Problem — The copy you return must match the listing word for word and carry no pictures.

Information shown —
· · ·
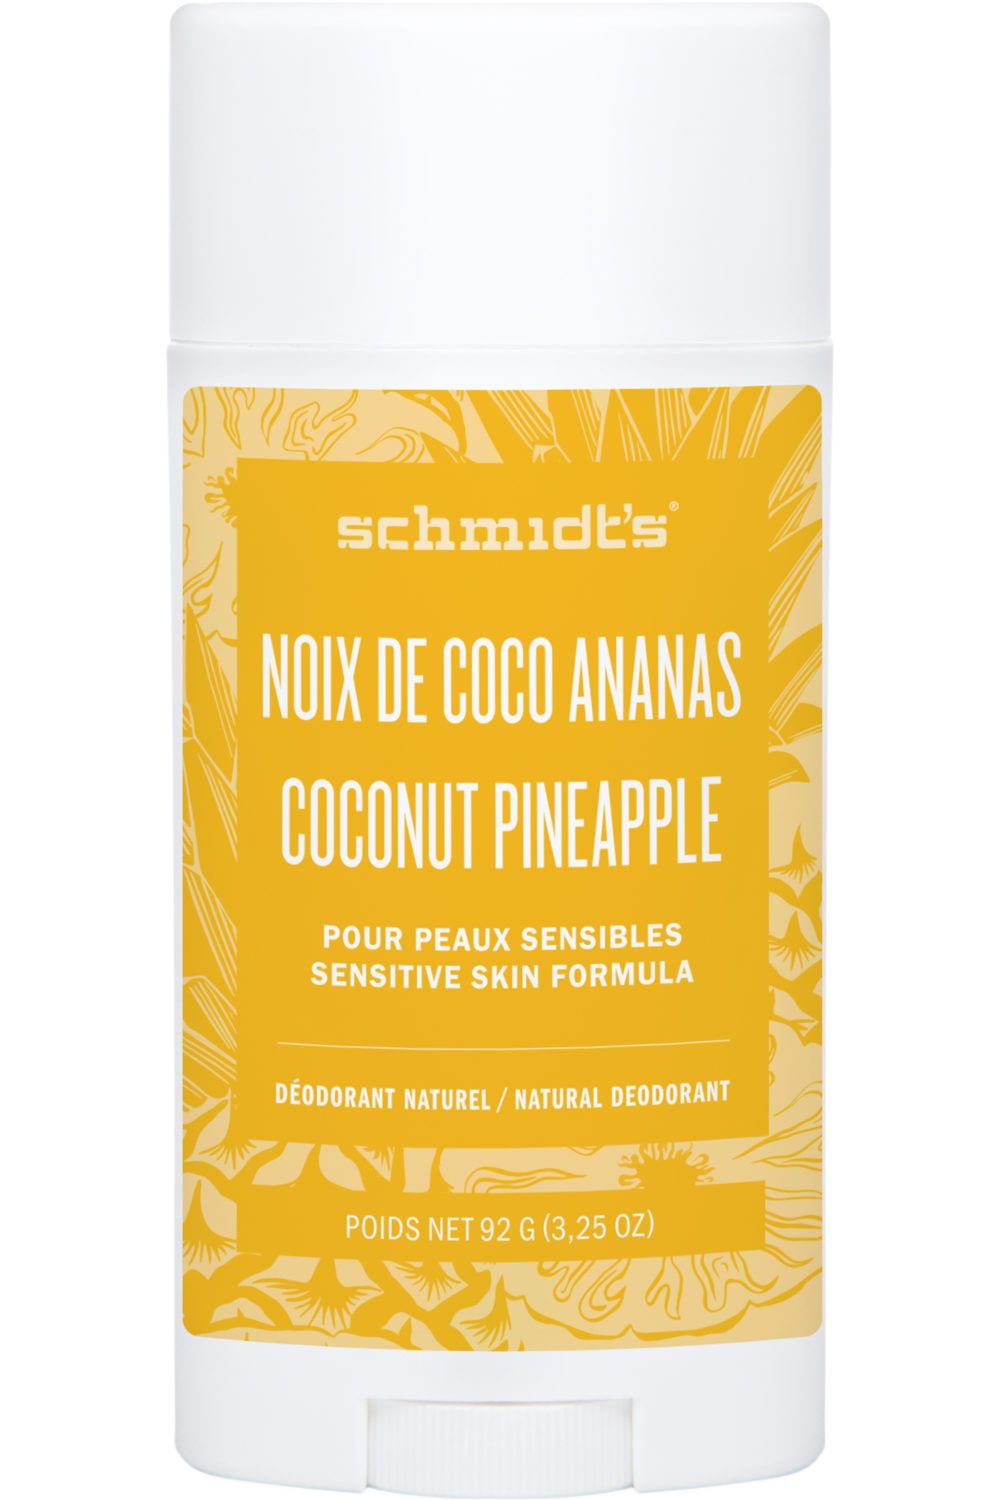 Déodorant naturel pour peaux sensibles à la noix de coco et aux ananas - Schmidt’s
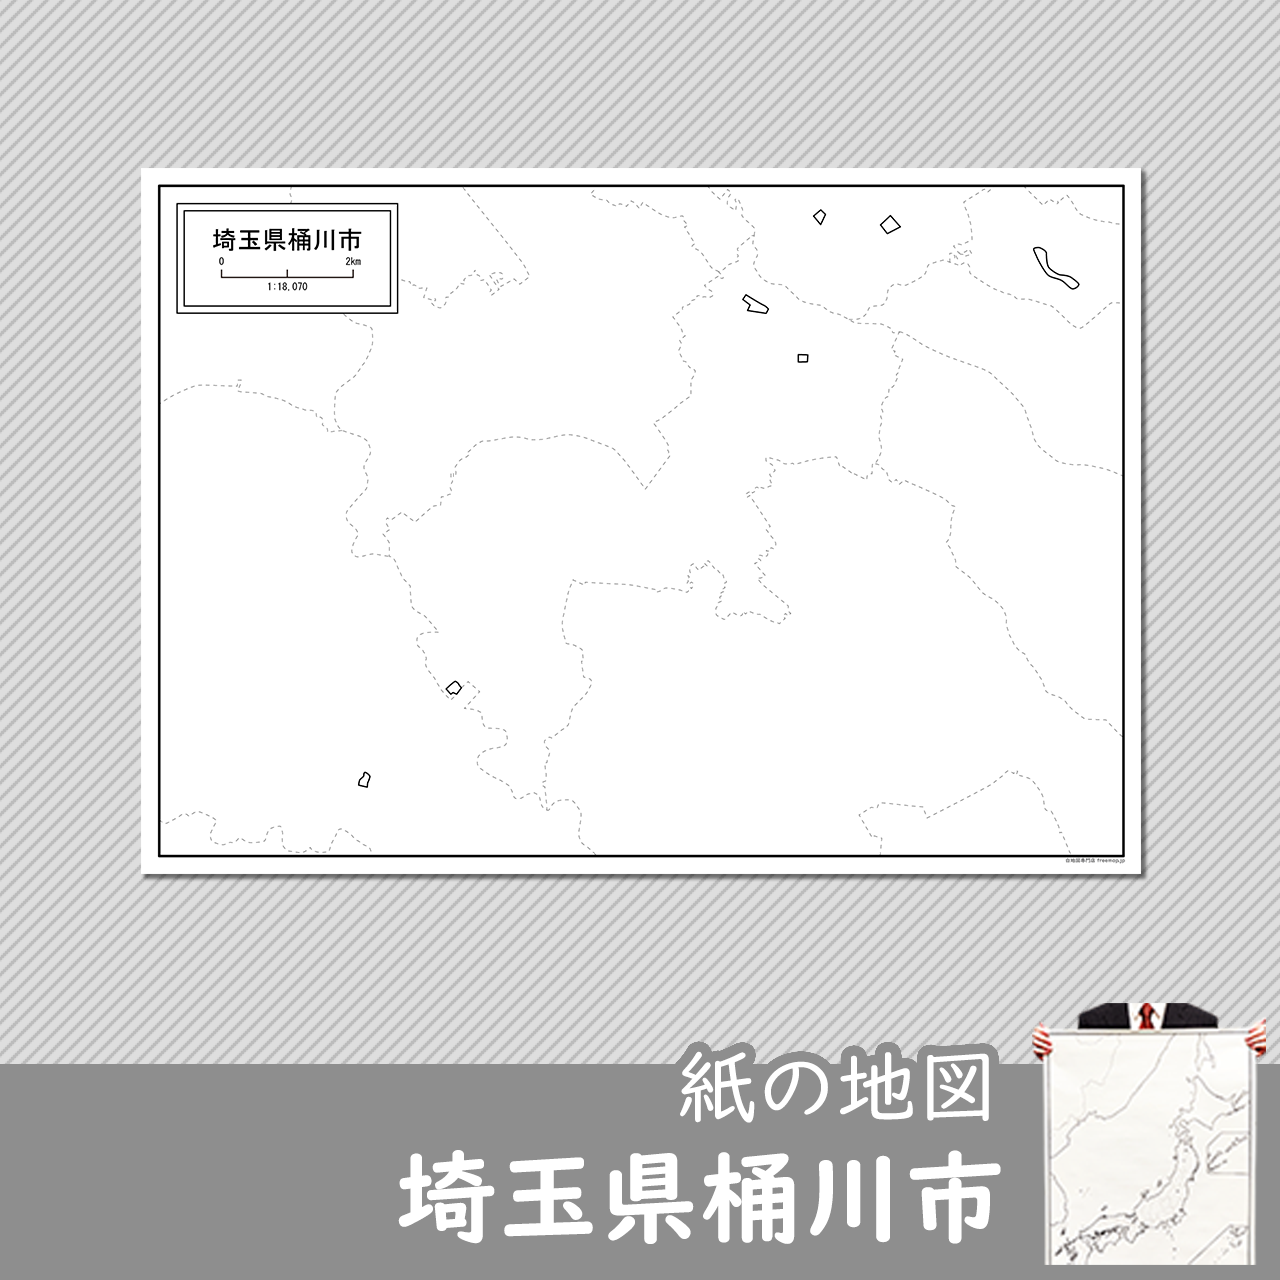 桶川市の紙の白地図のサムネイル
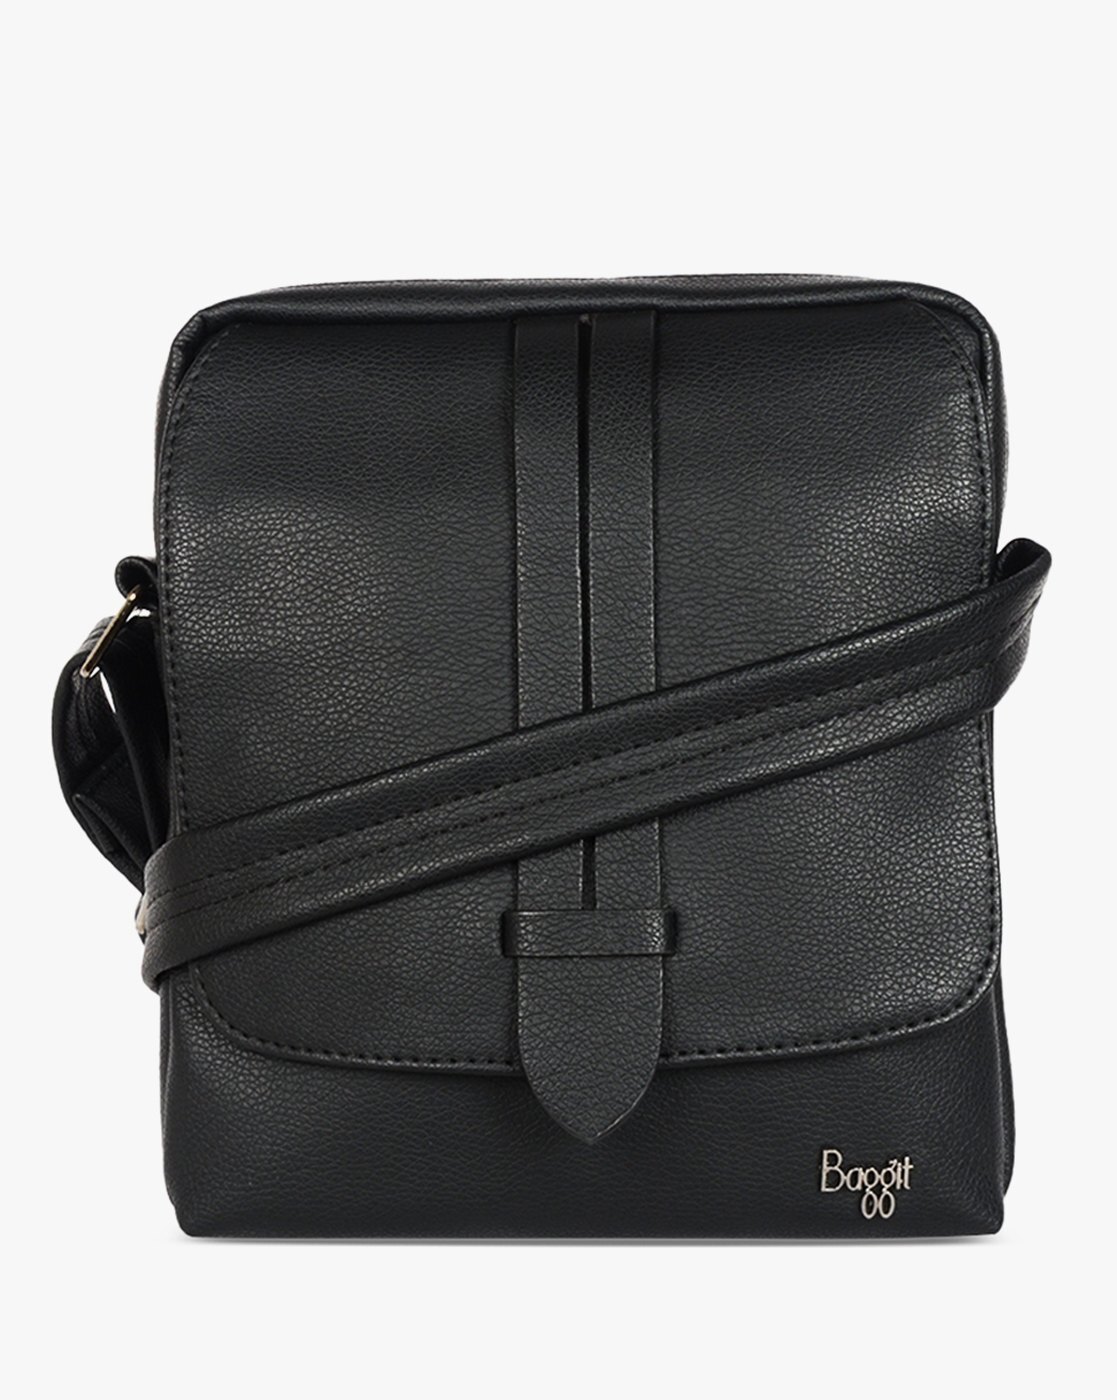 Baggit Wallets : Buy Baggit Search Black 2 Fold Wallet (S) Online | Nykaa  Fashion
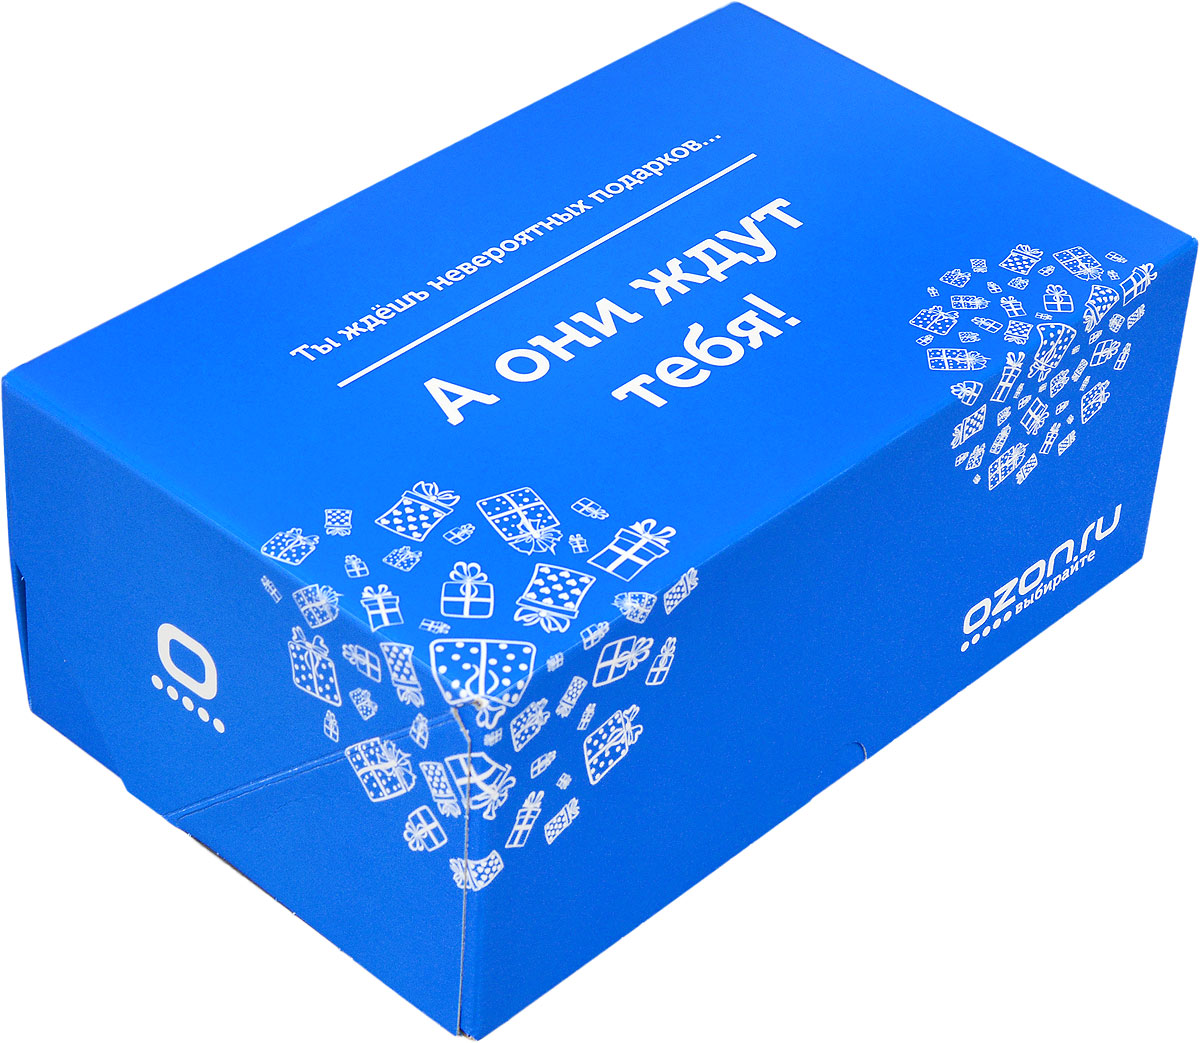 фото Подарочная коробка OZON.ru. Средний размер, "Ты ждешь невероятных подарков, а они ждут тебя!". 23.4 х 14.3 х 9.7 см
· · ·
Response for this exercise —
 Déodorant naturel pour peaux sensibles à la noix de coco et aux ananas - Schmidt’s
 桶川市の紙の白地図のサムネイル
 Baggit Wallets : Buy Baggit Search Black 2 Fold Wallet (S) Online | Nykaa  Fashion
 фото Подарочная коробка OZON.ru. Средний размер, "Ты ждешь невероятных подарков, а они ждут тебя!". 23.4 х 14.3 х 9.7 см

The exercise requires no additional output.